4-3

 クレメンスはバザルアジムに入るまで、格闘技の経験はおろかスポーツをしたこともなかった。ジムが今まで聞けた話からすると、喧嘩すらそれほどしてきた様子はない。鍛え続けてきたことは確かだが、大相撲経験者であり、総合格闘技を何試合もしてきたタキノホウには苦戦するとジムは予想していた。

 実際、試合が始まるとクレメンスは押し込まれていた。タキノホウは打撃もうまい方で、ローキックも使って相手のリズムを崩してくる。パンチも単調ではなく、クレメンスはガードを固めて耐えていた。

「こりゃやばいっすね」

 観戦している門下生の一人が、うなりながら言った。誰も否定しなかった。クレメンスの方が、明らかに「下手」だった。

「まあ、わかっていたことではある」

 どれだけ体力に自信があっても、「上手さ」の前では無力なことがある。ジムはそのことをよく知っていた。
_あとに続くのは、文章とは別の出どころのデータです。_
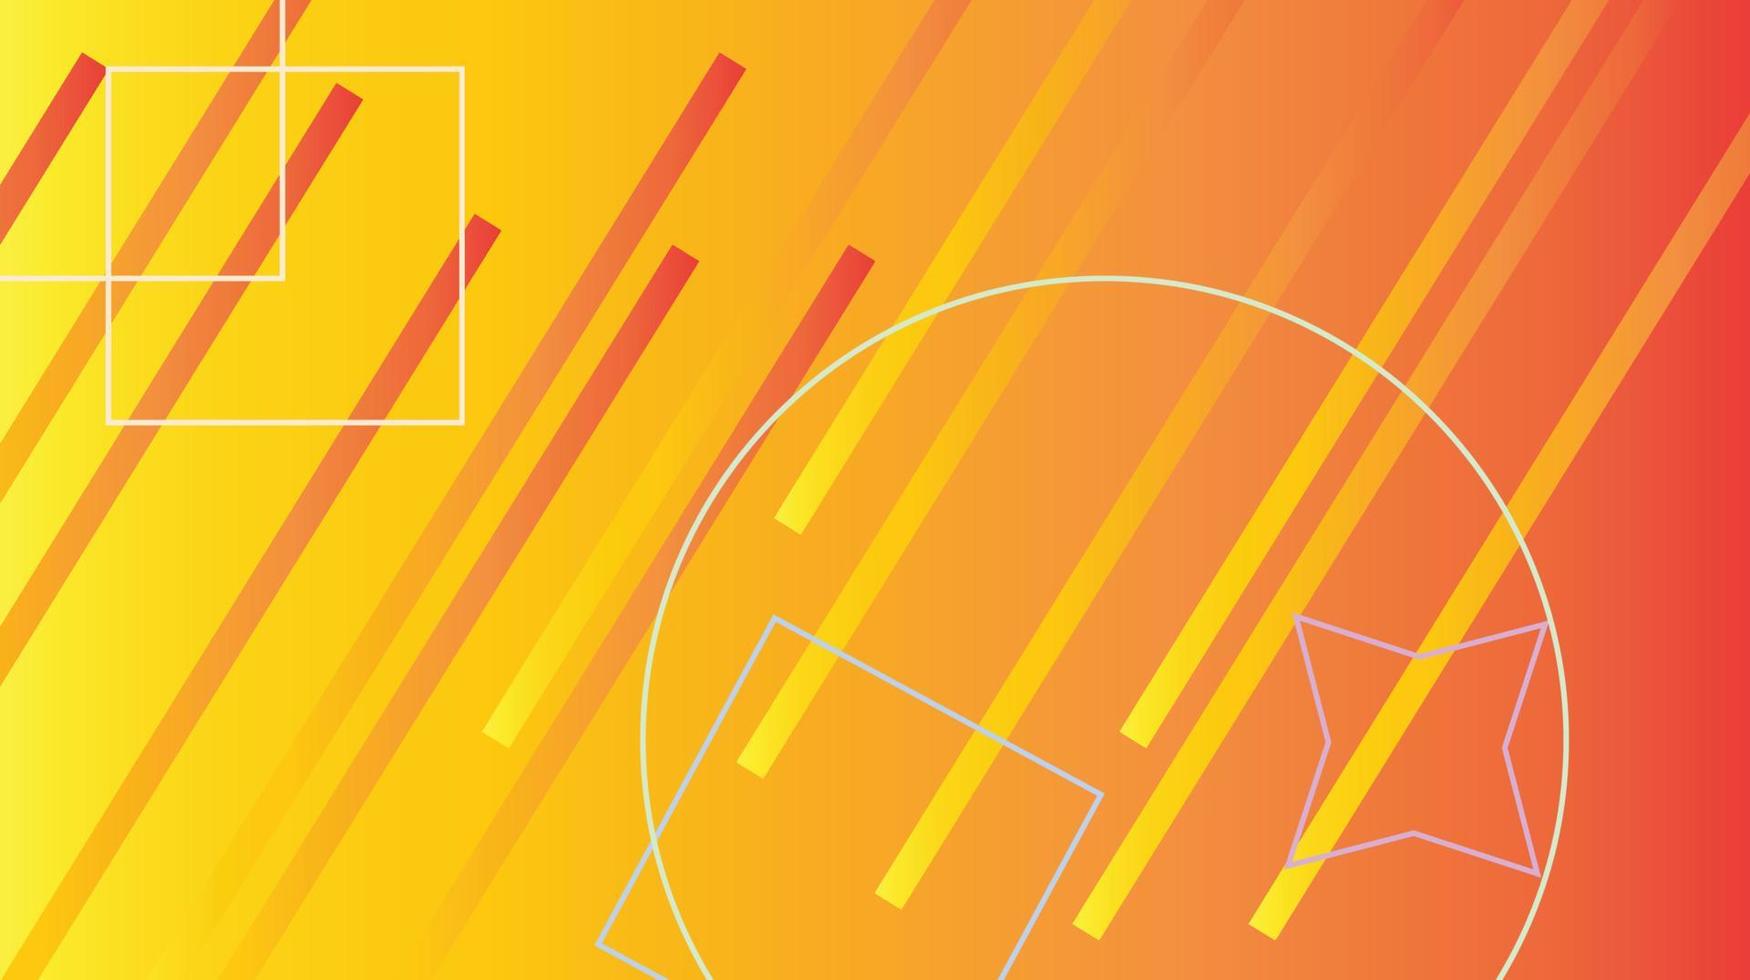 sfondo astratto arancione arte stile vettoriale sfondo arancione collage design contemporaneo moderno gradiente presentazioni banner illustrazione vettoriale ecc

 クレメンスの右足が青く変色し始めていた。ローキックは効いているに違いない。それでも、クレメンスは表情を変えていないし、動きも鈍っていない。

 何発か、タキノホウのパンチがクレメンスの頬をとらえた。クレメンスのガードが下がった。タキノホウが一機果敢に攻め込んでくる。

 一瞬の出来事だった。空を切ったタキノホウの右腕を、クレメンスが両腕でつかんだ、そして左足をひっかけて、タキノホウの体を払った。

「ぐえっ」

「ええっ」

 バザルアジムの観客から、驚きの声が次々と上がった。会場もざわついていた。

 上になったクレメンスは右腕でを離さず、何とか極めようとしていた。しかしタキノホウもなんとかガードしていた。二つの巨体が、少しずつ動く攻防を続ける。

 クレメンスは急がなかった。タキノホウの左手がコツコツとパンチを当てるが、全く効いている様子はない。

「何今の……」

「強引だ」

 他の門下生たちが口々に感想を言う中、ジムは黙っていた。

 練習していたものだった。ジムはクレメンスと、先ほどのテイクダウンを事前に試していたのである。

 「そんなにうまくはいかないぞ」と笑うジムにクレメンスは、「現実的だと思う」と答えた。

 クレメンスは打撃も強いし、圧力もある。しかしタキノホウの試合映像を見たクレメンスは、「通用しない気がする」と言った。

 実際、試合開始から打撃が効くイメージは湧かなかった。タキノホウは大相撲から上手く総合格闘家に転身している。未知の相手に対し、最初はうまく対応していた。

 だが、クレメンスはタキノホウの想像の上をいったのではないか、とジムは考えている。

クレメンスには、自らの危機を予測する能力と、それに対する備えがある。

 クレメンスは決してタキノホウを逃さなかった。じわじわと体勢を整えていく。

 そしてついに、タキノホウの右腕を捩じ上げた。

 タキノホウの左手が、クレメンスの背中をたたく。タップだ。

 クレメンスが、アームロックで勝利した。